# hot and spicy jerky rub



## bigbuck (Nov 6, 2013)

hello all, has anyone ever tried uncle mikes hot and spicy beef jerky from walnut creek ohio? well I think the recipe was buried in a volcano or something lol,i am looking for a recipe for hot and spicy jerky close to uncle mikes or any others for that matter,also getting ready to butcher a hog and looking for hot Italian sausage recipe,thanks


----------



## woodcutter (Nov 7, 2013)

Here is a recipe from Nepas, You can tinker around with the cayenne.

Easy Ground Meat  Jerky -Nepas

5 lbs xtra lean GB 90/10

3 T non iodized salt

1 level t cure 1

1 T garlic powder

1 T onion powder

2 t cayenne

2 t black pepper

2 t curry powder

1/2 cup non fat powder milk (used as a binder and flavor but not needed if you dont want)

1-2 T cold water

Mix in with meat.

For a better marrried flavor put mix in plastic bowl, cover and fridge overnight. Extrude with jerky gun onto racks, smoke or dehydrate.

I like to dehydrate GB jerky. If you do this and want smoke just add 1 t real liquid smoke.


----------



## bigbuck (Dec 7, 2016)

​woodcutter, ever try that with whole muscle meat?


----------



## BGKYSmoker (Dec 7, 2016)

bigbuck said:


> ​woodcutter, ever try that with whole muscle meat?

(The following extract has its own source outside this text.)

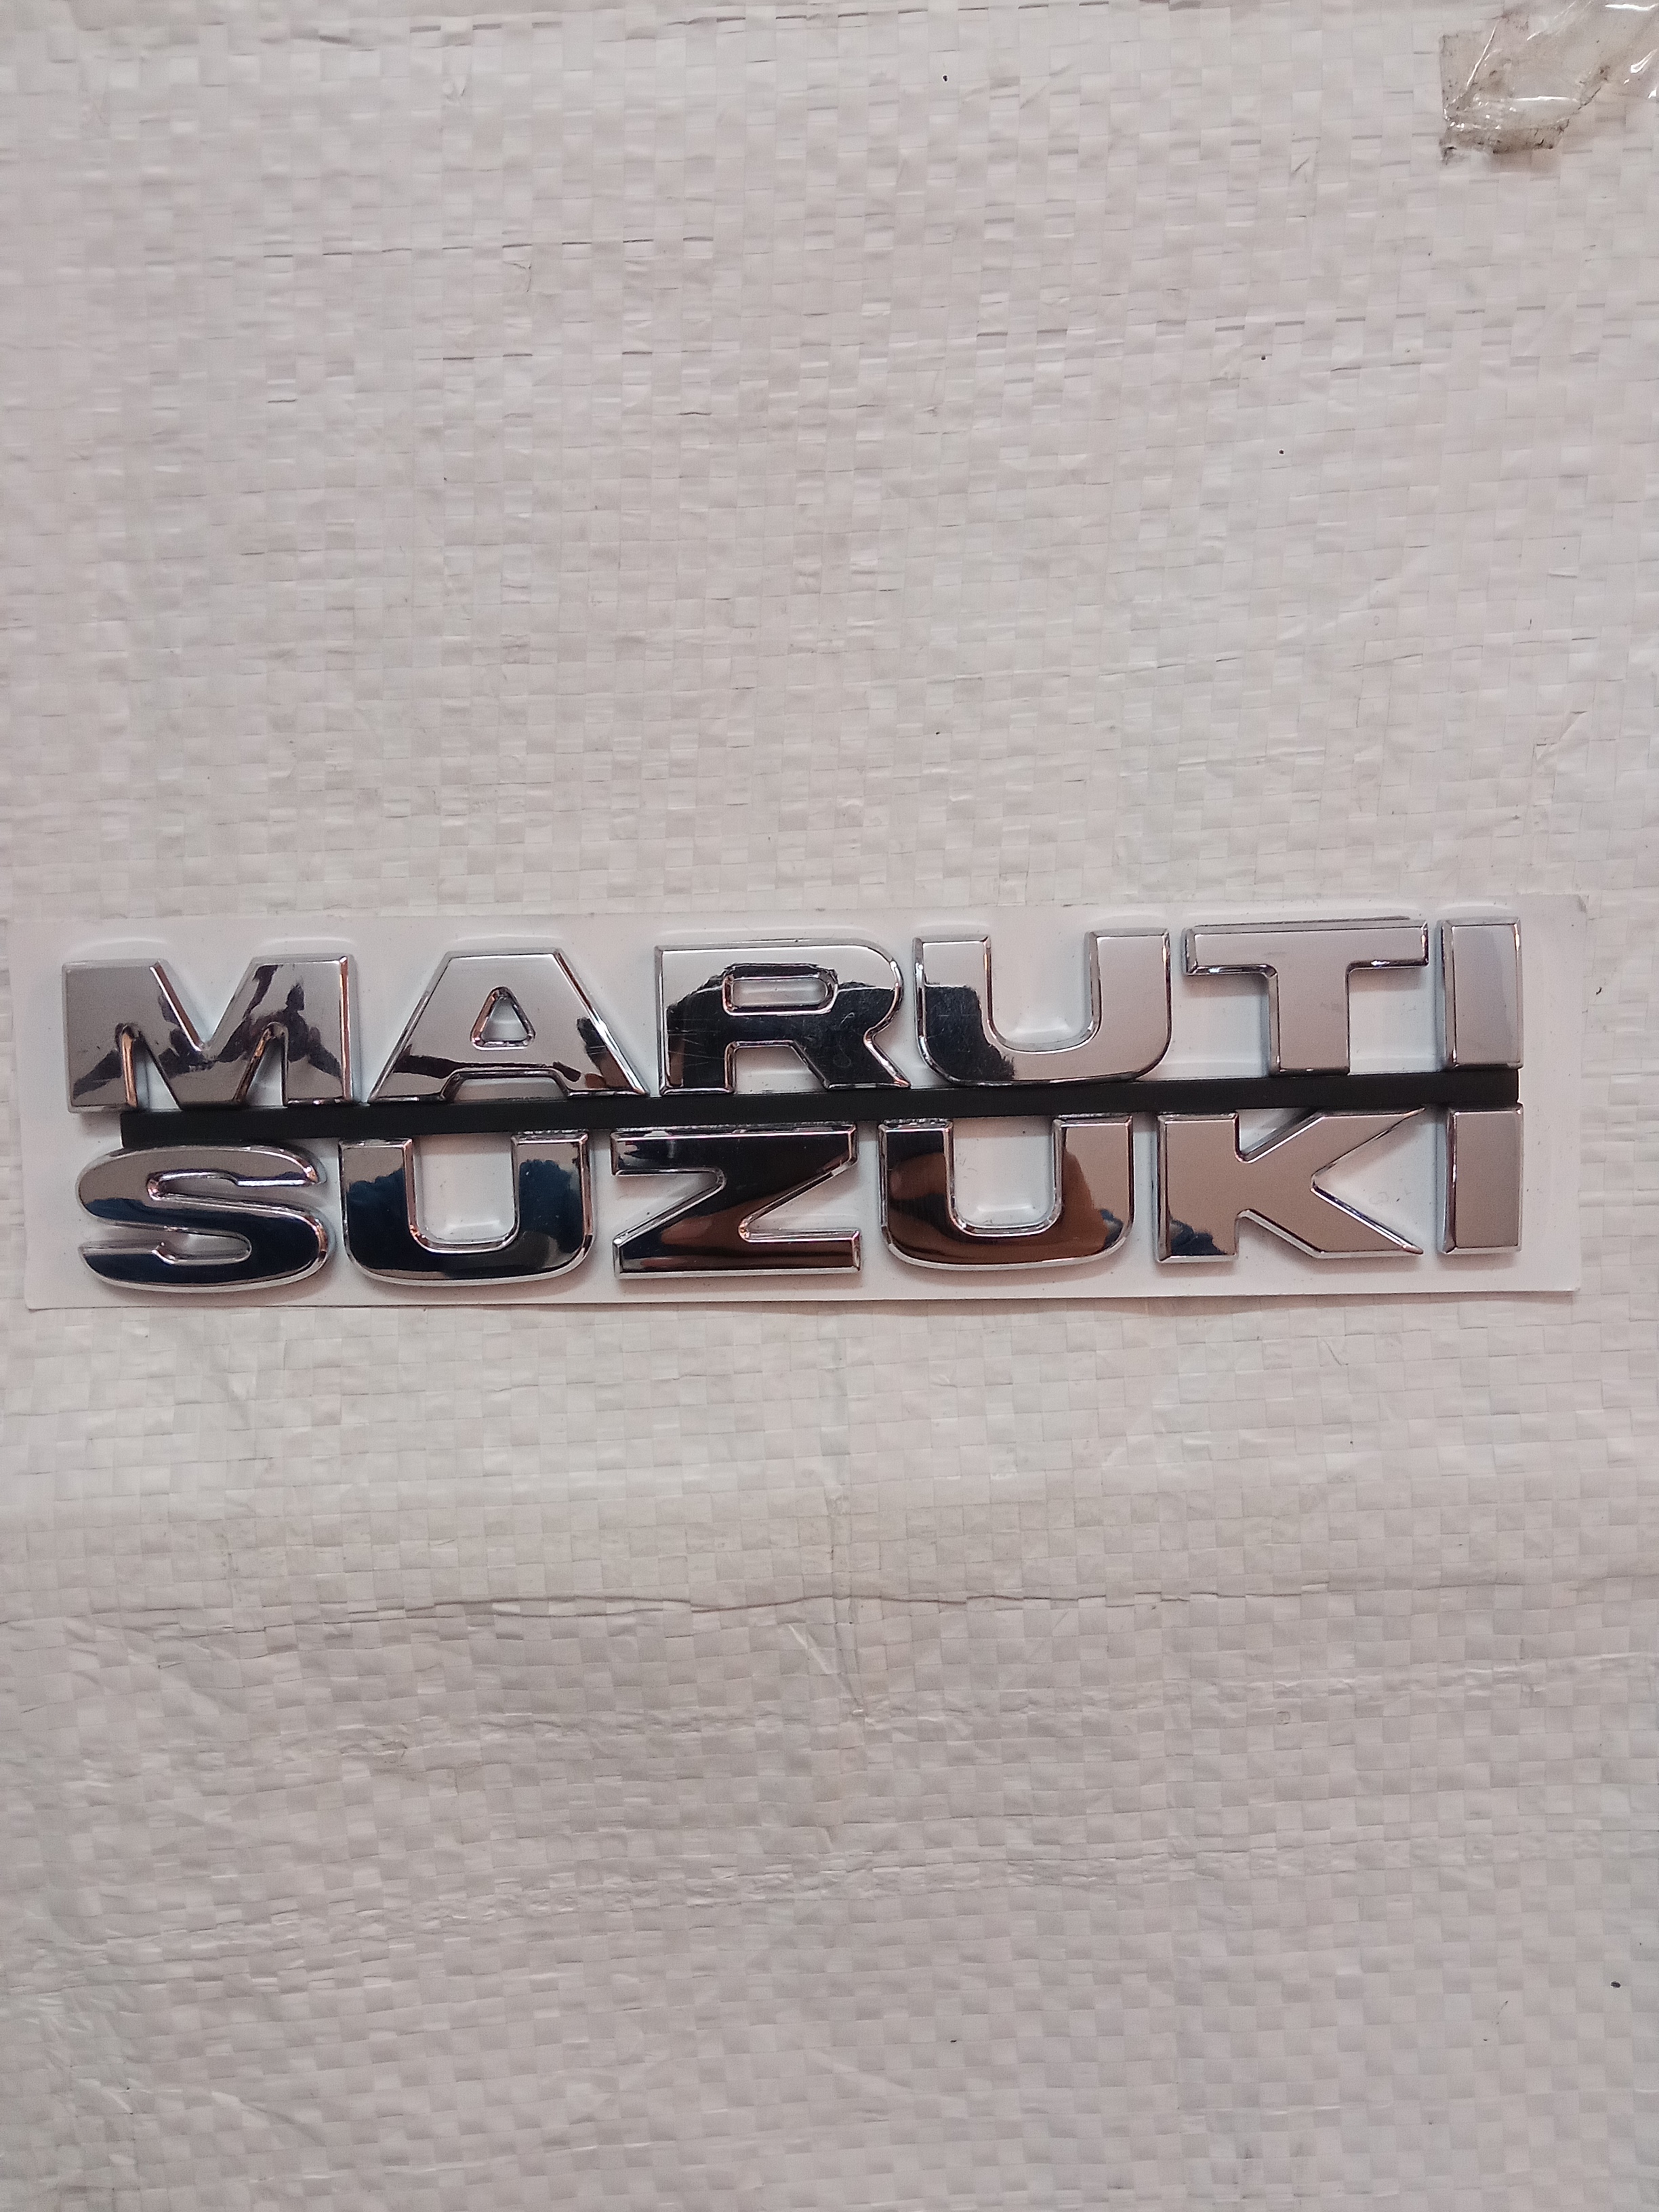 SUZUKI SWIFT EMBLEM MARUTI SUZUKI           77821M79F00      STOCKID 1770

Yes you can use it with whole muscle strips. You may have to adjust the ingredients for the strips.


----------



## bigbuck (Feb 8, 2017)

ready give this a try, I just bought a whole beef from a farmer that was not my usual supplier of beef, he raised grass fed all organic beef and to be quite honest its way to lean for me and just does not taste good at all so I am stuck with a s#$%t load of burger that we don't really eat so why not make jerky right?? I had to fry burgers with a bit of bacon drippings!!


----------